MEDÎNE-İ MÜNEVVERE’Yİ ZİYARET ETMENİN FAZİLETİ

Zira Rasûlullah -sallâllâhu aleyhi ve sellem- şöyle buyurmuşlardır:

“…İbrahim -aleyhisselâm-’ın Mekke-i Mükerreme’yi harem (bölgesi) kılması ve onun için duâ etmesi gibi ben de Medîne-i Münevvere’yi harem bölgesi kıldım...” (Buhârî, Fedâilü’l-Medîne, 6; Müslim, Hac, 462)

Bu yüzden Medîne-i Münevvere’ye de tıpkı Mekke-i Mükerreme gibi belki daha da fazla tâzim göstermek îcâb eder. Çünkü İmâm Mâlik Hazretleri ve Medîne ulemâsı, Medîne-i Münevvere’nin Mekke-i Mükerreme’den daha fazîletli olduğunda ve Fahr-i Kâinat -sallâllâhu aleyhi ve sellem- Efendimiz’in kabr-i şerîfinin bulunduğu mekânın, yeryüzünün en mukaddes ve en fazîletli köşesi olduğunda ittifak hâlindedirler.[1] Zira bütün kâinat, O’nun için halkolunmuş ve O’na ithâf edilmiştir.

İmam Bûsirî Hazretleri ne güzel söyler:

“Can ve cihan sultânı Peygamber Efendimiz’in mübârek cismini bağrında saklayan toprak kadar güzel kokan hiçbir koku yoktur.
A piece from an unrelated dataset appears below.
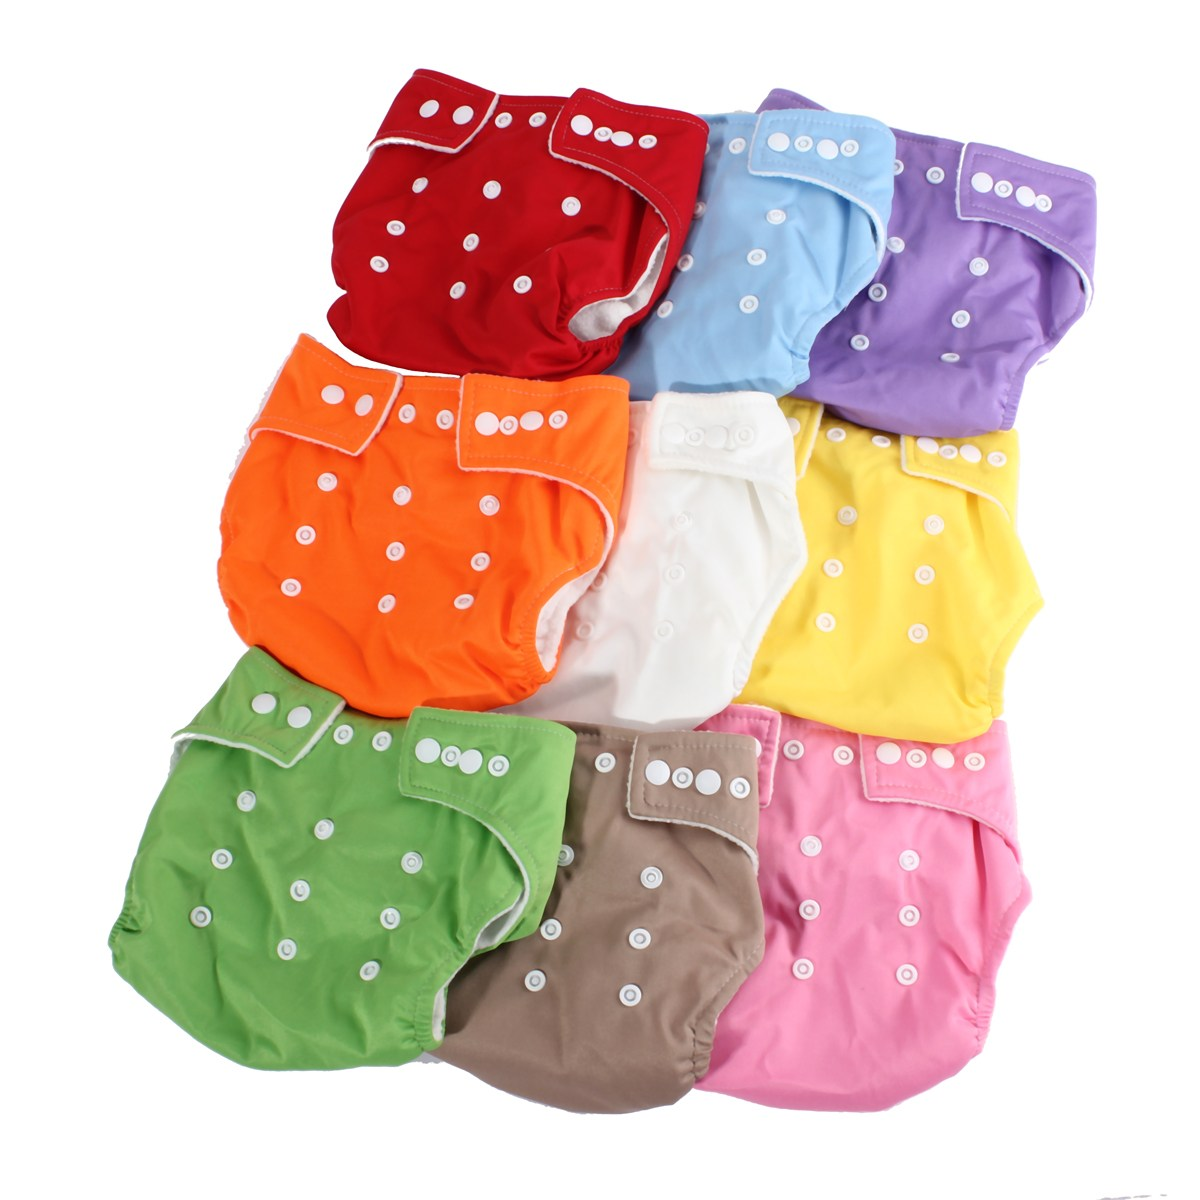 Cloth Diapers New Baby Reusable Washable Cotton Durable Gauze Soft Gentle Infant

Ne saâdetli ve devletlidir o kimse ki, o mübârek toprağı koklayıp öpmüştür.” (Bûsirî, Kasîde-i Bürde, Beyt no: 58)

Bu muhabbet ve hassâsiyetin bir tezâhürüdür ki Mescid-i Nebî’nin imâmı olan İmâm Mâlik Hazretleri, Rasûlullâh’ın bastığı toprağa hürmeten, Medîne-i Münevvere’de hayvan üstüne binmez, ayakkabı dahî giymezdi. O kadar edep sahibi idi ki, abdest tâzelemek için Medîne-i Münevvere dışına çıkardı.

İşte hac ve umre yapanların, o iklîmin aziz hatıralarından lâyıkıyla istifâde edebilmeleri için o ulvî mekânlarda edep ve hürmet duyguları içinde bulunmaları zarûrîdir. Zira hakîkî istifâdenin ilk şartı edeptir.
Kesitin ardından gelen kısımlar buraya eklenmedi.